This blog post is going to come across as rambling, and that’s fine.  That IS part of the name of the blog, of course.

While watching Doctor Who today (brilliant show; I plan on writing a blog post about it soon; how soon, I haven’t decided yet.  It WILL happen, though), I started thinking about Friday Night Lights.  I know that’s a bit confusing, but stick with me…this is going somewhere.

I watched the Series Five episode entitled “Vincent and the Doctor,” and it was about the Eleventh Doctor (Matt Smith) and his companion Amy Pond (Karen Gillan) traveling to meet Vincent Van Gogh (Tony Curran).

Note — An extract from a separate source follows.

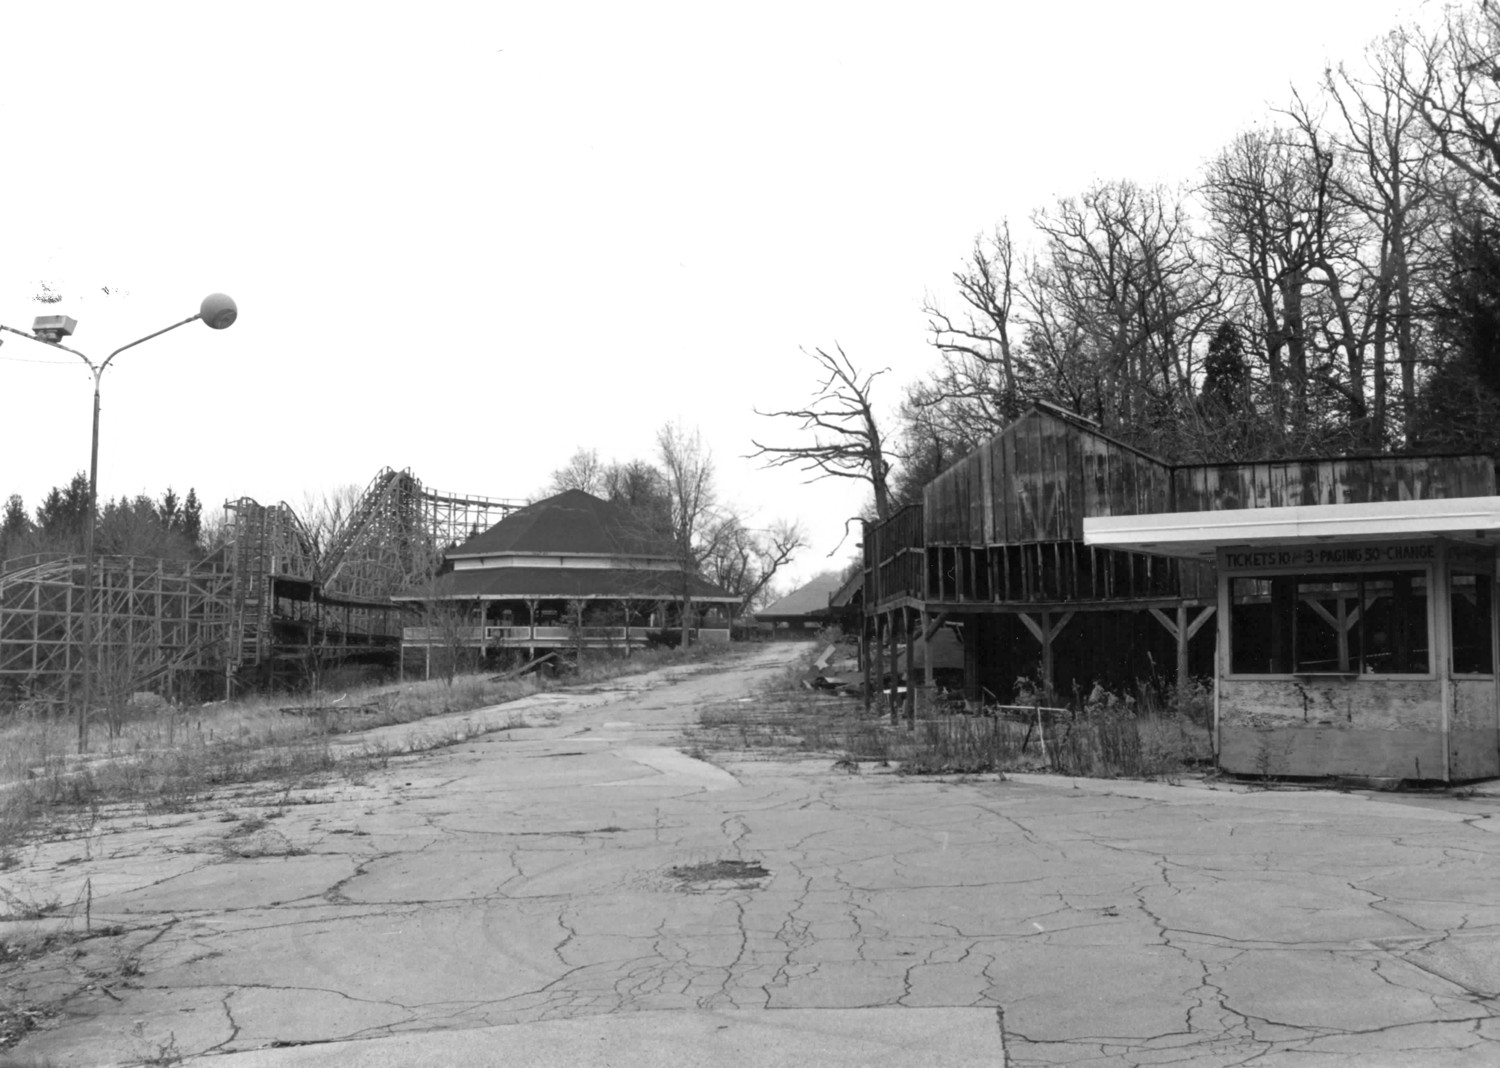 Idora Park, Youngstown Ohio Midway, looking north from the ballroom, showing the ticket booth at right and the merry-go-round and the Wildcat roller coaster at left (1992)

The story of the episode is immaterial, but I mention it to mention a Facebook conversation I had with my friend Nina Perez (brilliant author; both The Twin Prophecies and Blog it Out, Bitch! are available at Amazon).  She asked where I was in Doctor Who, and I told her I had planned to watch three episodes, the latter of which was Vincent and the Doctor.  She mentioned that she cried at that episode, and that got my curiosity piqued.  I went to watch it, and whereas I didn’t cry, it made me think about the last time a form of entertainment made me cry.

That was an episode of Friday Night Lights.

It was the episode where Matt Saracen’s dad died, and he had to speak at his funeral.  The episode was gutwrenching to watch, and I couldn’t help but to cry at the end.  It was rough to see Saracen go through all of the stages of grief in such a compressed amount of time.  That, and the ending scene got me, too.  But, even still…this isn’t about that episode.  It’s honestly not about any episode in particular.  It’s more about the series as a whole.

But, in order to explain it properly, I have to explain “Always,” the series finale.  At the end of the episode, the East Dillon Lions are in the Texas State Championship Game, and they have one more drive left to finish it off.  Led by versatile quarterback Vincent Howard (Michael B. Jordan), the Lions make one last grasp for the end zone.  Howard drops back to pass, throws a bomb downfield, and…the scene goes black  Now, at this point, most fans are wondering what happened?  Did the Lions win?  Did they lose?  What?  Well, the answer is mentioned (they did win), but it’s done in such a subtle way that you’ll miss it if you blink.

This ending originally confused me, but after a while, I began to get it.  The beauty of Friday Night Lights was never the football.  Sure, it was a part of the series, but it never was the series itself.  It was always the people.  At its core, Friday Night Lights was about life, and how it goes on, no matter what.  If you watch it, you see that they revisit characters from the very first episode on to the last, and everyone gets some form of closure.  Well…not quite everyone, but that’s neither here nor there.  What you see is, no matter what happens in one facet of the universe, life goes on.  That was a brilliant way to make the show more organic, and that was a brilliant way to wrap up five seasons of great television.

So, I wrap up this post by saying this: no matter what happens in one facet of your life, don’t give up hope.  Life does go on.

Clear Eyes. Full Hearts. Can’t Lose.